R:定义一个函数(和/或使用apply()或for循环)重复执行一组过程。
语言:r OS: Windows 7
我想知道如何创建函数和/或构造apply()或for()循环语句,这将使我能够完成下面描述的任务。
我在一台Windows 7机器上工作。sessionInfo()贴在我的问题下面。
我有两个数据,SUBJ和ANNO。我希望通过对SUBJ中的列子集执行操作来创建一个新的dataframe (输出),该列子集由ANNO上的操作结果定义。
下面,我首先创建两个假数据,SUBJ和ANNO。接下来,我使用SUBJ和ANNO的行名和冒号创建空的输出数据。
然后,对ANNO的第一列执行所需的操作。即: 1)我处理ANNO的第一列ANNO1,标识对应于ANNO1==1行的row.names集,并将该集合保存到字符向量ROWSlookup中。2)然后,对于SUBJ中的每一行,计算出现在ROWSlookup列表中的列子集的值和,并将结果和放在Ouptut的ANNO1列中。
实际数据集(由SUBJ和ANNO表示)非常大。因此,我希望创建一个函数和/或构造apply()或for()循环语句,这将使我能够高效地完成所需的输出数据。也就是说,我希望函数为ANNO的每一列创建一个ROWSlookup,计算SUBJ对应列中值的和,并将该和输入到相应的输出单元格中。
# CREATE FAKE SUBJ
SUBJ <- matrix(c(0,0,0,1,0,0,2,0,1,0,1,0,0,1,0,0,0,1,0,0,0,0,0,2,0,0,1,0,0,0,0,0,0,1,0,0,1,0,0,0,1,0,0,1,0,0,0,0,1,0,0,0,1,0,0,0,0,0,2,0,1,0,0,1,0,0,0,0,0,0,1,1,0,0,1,0,0,1,0,0,0,1,0,0,0,0,0,0,2,0,1,0,0,1,0,0,0,2,0,0), 10, 10)`
rownames(SUBJ) <- c("subj1", "subj2", "subj3", "subj4", "subj5", "subj6", "subj7", "subj8", "subj9", "subj10")
colnames(SUBJ) <- c("rs1", "rs2", "rs3", "rs4", "rs5", "rs6", "rs7", "rs8", "rs9", "rs10")

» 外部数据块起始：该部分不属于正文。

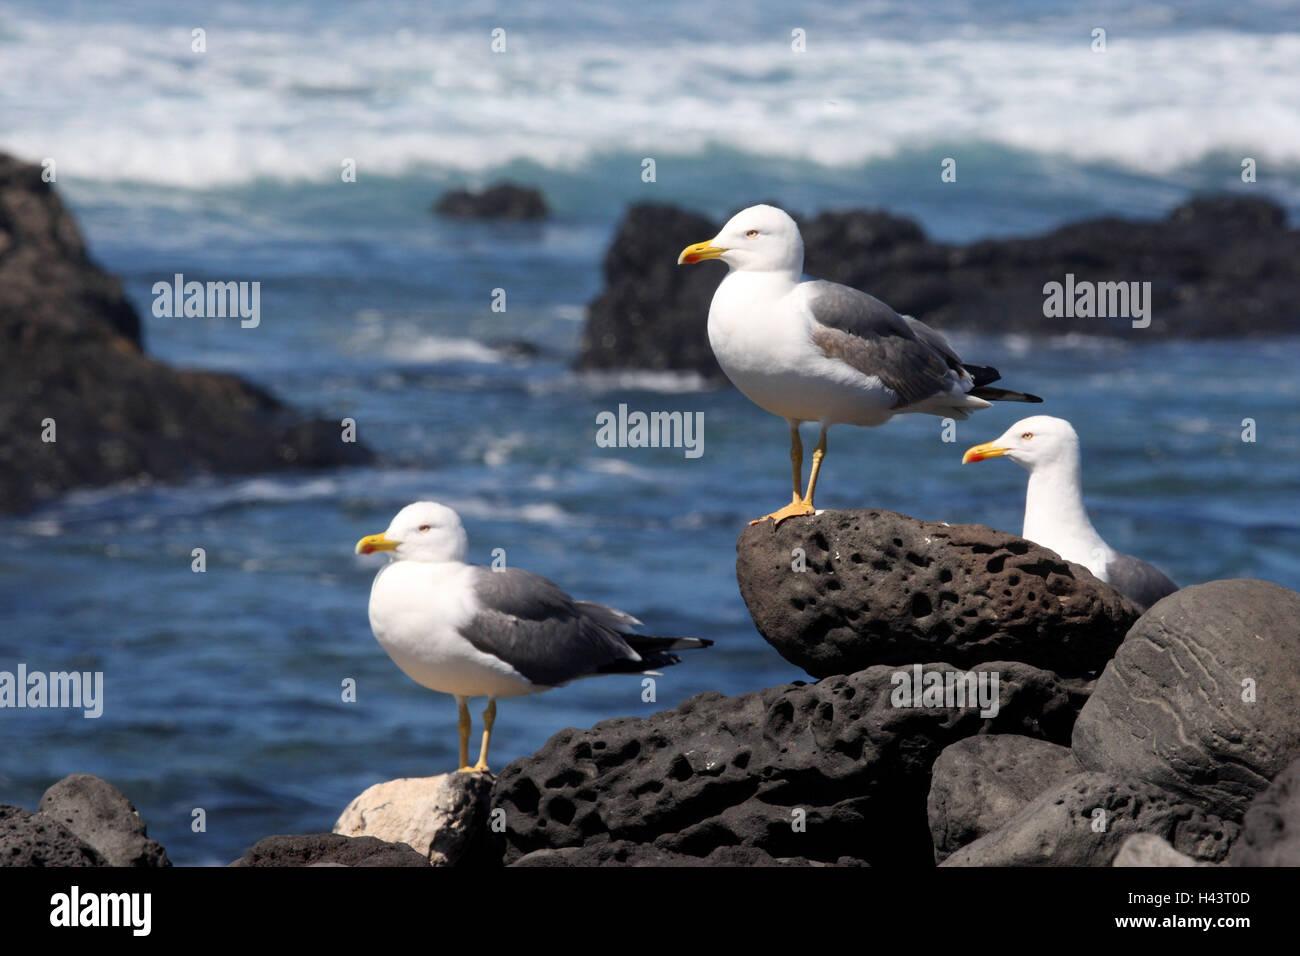 Spain, the Canaries, Lanzarote, coast, herring gulls, Larus fuscus, - Stock Image

SUBJ<- as.data.frame(SUBJ)
SUBJ
#rs1 rs2 rs3 rs4 rs5 rs6 rs7 rs8 rs9 rs10
#subj1 0 1 0 0 1 0 1 1 0 1
#subj2 0 0 0 0 0 0 0 1 1 0
#subj3 0 0 0 0 0 1 0 0 0 0
#subj4 1 1 2 1 1 0 1 0 0 1
#subj5 0 0 0 0 0 0 0 1 0 0
#subj6 0 0 0 0 0 0 0 0 0 0
#subj7 2 0 1 1 0 0 0 0 0 0
#subj8 0 1 0 0 0 0 0 1 0 2
#subj9 1 0 0 0 1 2 0 0 2 0
#subj10 0 0 0 0 0 0 0 0 0 0
# CREATE FAKE ANNO
ANNO <- matrix(c(0,0,0,1,1,0,0,0,0,0,1,0,0,1,0,0,0,0,0,1,0,0,0,0,0,0,1,0,0,0,0,0,0,1,0,0,0,0,1,0,1,0,0,1,0,0,0,0,1,1,0,0,0,0,0,0,1,0,1,0,1,0,1,0),
8, 8)
length(c(0,0,0,1,0,0,0,0,0,0,1,0,0,1,0,0,0,0,0,0,0,0,0,0,0,0,1,0,0,0))
rownames(ANNO) <- c("rs1", "rs2", "rs3", "rs4", "rs5", "rs6", "rs7", "rs8")
colnames(ANNO) <- c("ANNO1","ANNO2","ANNO3","ANNO4","ANNO5","ANNO6","ANNO7","ANNO8")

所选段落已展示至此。